Стоявшие в углу высокие часы с тремя медными гирями и медным, похожим на луну маятником, как бы желая ответить на молчаливый взгляд Барсукова, пробили семь раз, и когда стихли их густые, как у церковного колокола, звуки, он сказал:

— В восемь я поеду в «Россию», потому что ровно в восемь тридцать меня будет ждать Харламов. А опозданий, как известно, Харламов не любит. Да и я не люблю.

— Уложиться в полчаса мне будет трудновато, но я постараюсь, — согласился Казаков, с опаской поглядывая на задумчивое, с ввалившимися щеками лицо Барсукова, еще не зная, с чего начать. — Только давай условимся: любо не любо, а ты слушай и не перебивай, и ежели что не так, не по душе, — извиняй…

— Не тяни, Нилыч!

— Сперва о моих предположениях: Тимофеич, ежели считаешь себя здоровым и вполне нормальным, то ты, чертяка, не иначе влюбился! Ей-ей влюбился! — Казаков прошелся по кабинету, выставляя грудь вперед. — Все приметы налицо! Можешь усмехаться и помалкивать. Но тебе, думаю, интересно знать, что же привело меня к такому неожиданному и такому смелому выводу?

— Да, интересно.

— Первый и самый верный признак — быстрое изменение твоего характера! — уверенно заявил Казаков, остановившись у окна. — По себе знаю, ибо со мной этакий грешок уже приключался. Практикой доказано: когда с нашим братом, да еще и в немолодые уже годы, приключается эта самая влюбленность, — беда! Мы делаемся как шальные, будто умом тронутые. Бабы, так те в таких трудных ситуациях даже умнеют и держатся молодцом, а мы сразу кидаемся в такую дурость, что диву даешься… Второй признак — станичный брёх, какой мимо ушей никак не пропустишь.

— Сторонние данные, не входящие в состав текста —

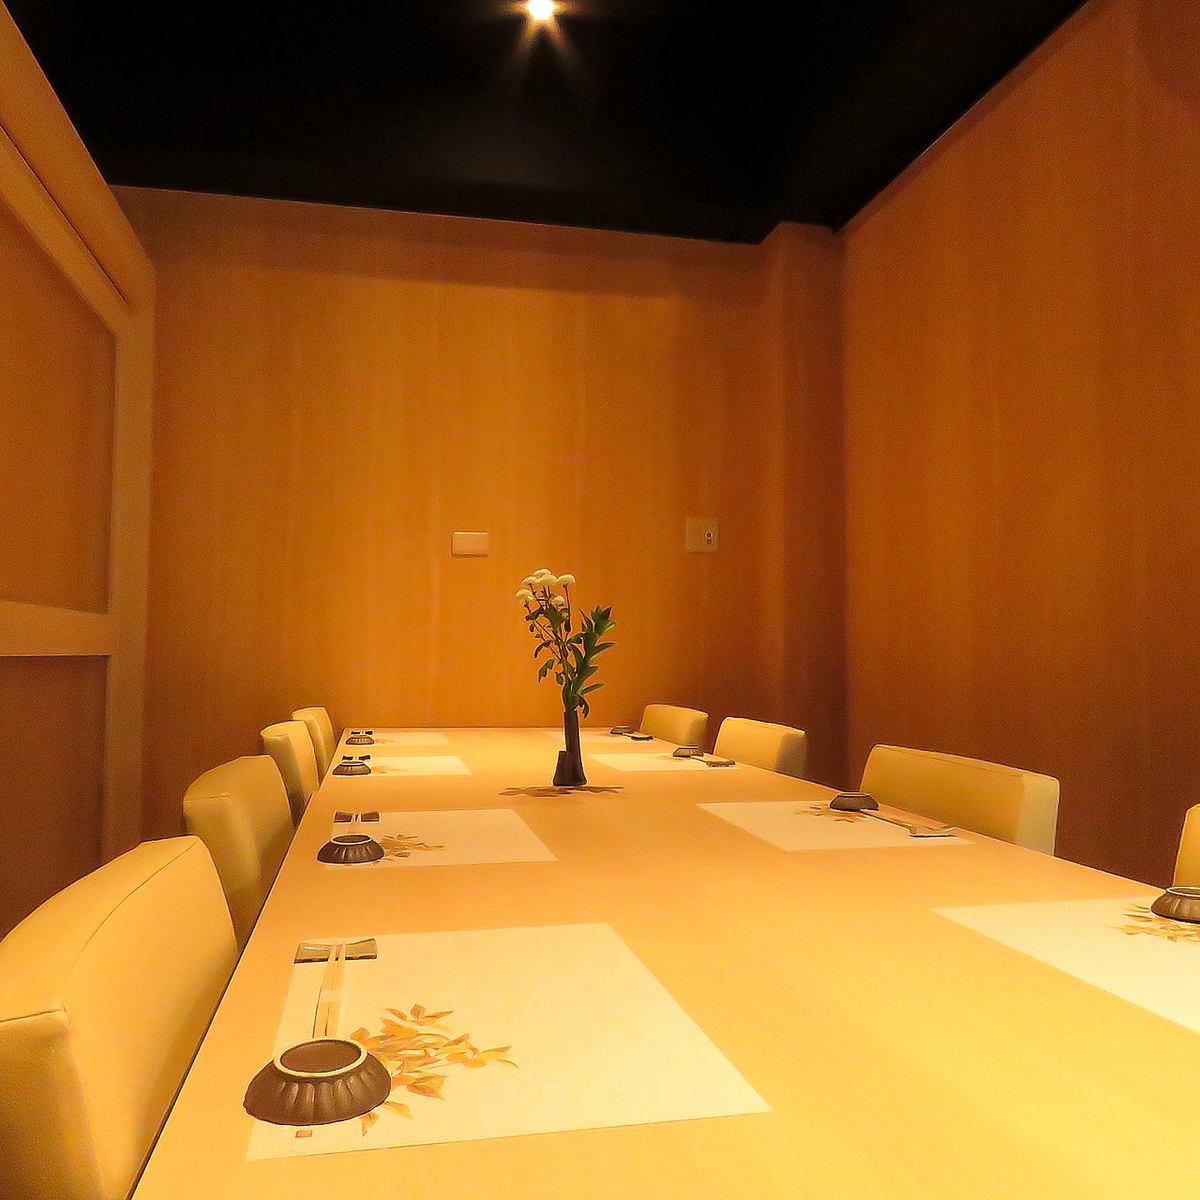 We also have private rooms that can be used for entertaining parties and dinner parties.

— О чем же тот брёх? — спросил Барсуков и снова посмотрел на часы с медными гирями.

— Брёх тот касается тебя и Дарьи Васильевны… Болтают разное, даже трудно поверить. Да ты что, неужели ничего не слыхал?

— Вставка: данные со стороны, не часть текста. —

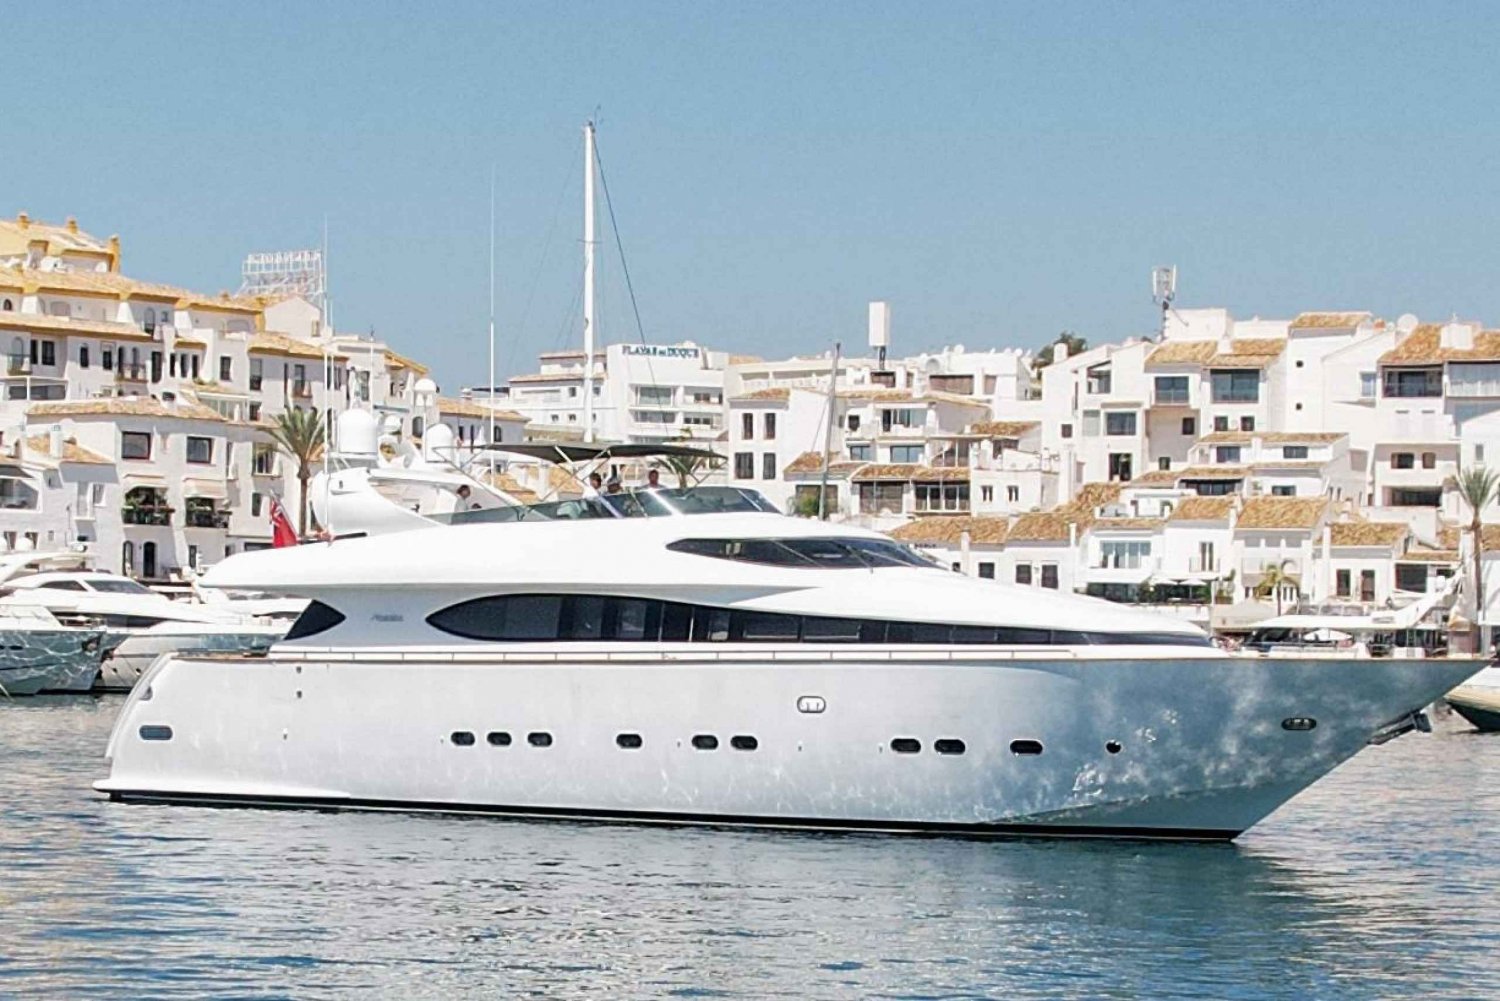 SuperYacht 8 Hour Charter:12 passengers:drinks and food inc.

— Нилыч, сам-то ты веришь в то, о чем болтают в станице? — не отвечая, спросил Барсуков. — Говори: веришь или не веришь?

— Лично?

— Да, лично.

— Лично я не верю, потому как дело это невозможное. — Тут Казаков обе ладони положил себе на грудь и слегка наклонился. — Конечно, слов нет, Дарья Васильевна собой хороша, по-завидному красивая. Есть, есть в ней та искорка, каковая зажигает, и на сей счет у меня никаких сомнений нету. Однако имеется одно заковыристое «но» — ее должность. Это же неприступная для мужчинского желания стена! Высочайшая преграда! И перешагнуть через ту стену и через ту преграду, бьюсь об заклад, предприятие сильно опасное, свободно можно поплатиться партбилетом. Да и сам ты, я говорю откровенно, не из тех дураков, кто не знает, что нельзя очертя голову бросаться в пропасть. По этой причине и нету моей веры. Хотя, конечно, чем черт не шутит… Но лично я сужу так: то, о чем станичники болтают, — это же обычный трёп, ибо известно: на чужой роток не накинешь платок. Да к тому же некоторые малокультурные личности, каковые имеются в нашей станице, сильные охотники почесать языки. Но это, Тимофеич, еще не то, что я назвал «нельзя так круто».

— Что же еще? Говори.

— Продолжу. Но тут мои суждения пойдут вглубь, в самый корень. Желаешь знать, куда именно? В твое выступление на собрании актива.

— Ты же говорил, что моя речь тебя потрясла.

— И не отрицаю. Но в каком смысле и почему? Вот загвоздка! — Казаков волновался, часто мигал глазами. — Как ты думаешь, почему тебе аплодировали? Не знаешь? А я знаю. Аплодировали тебе исключительно потому, что Михаил Барсуков попер против Михаила Барсукова. Сам себя взял за горлянку и придушил при всем народе и тем самым обрадовал. Кого? Своих недругов и завистников.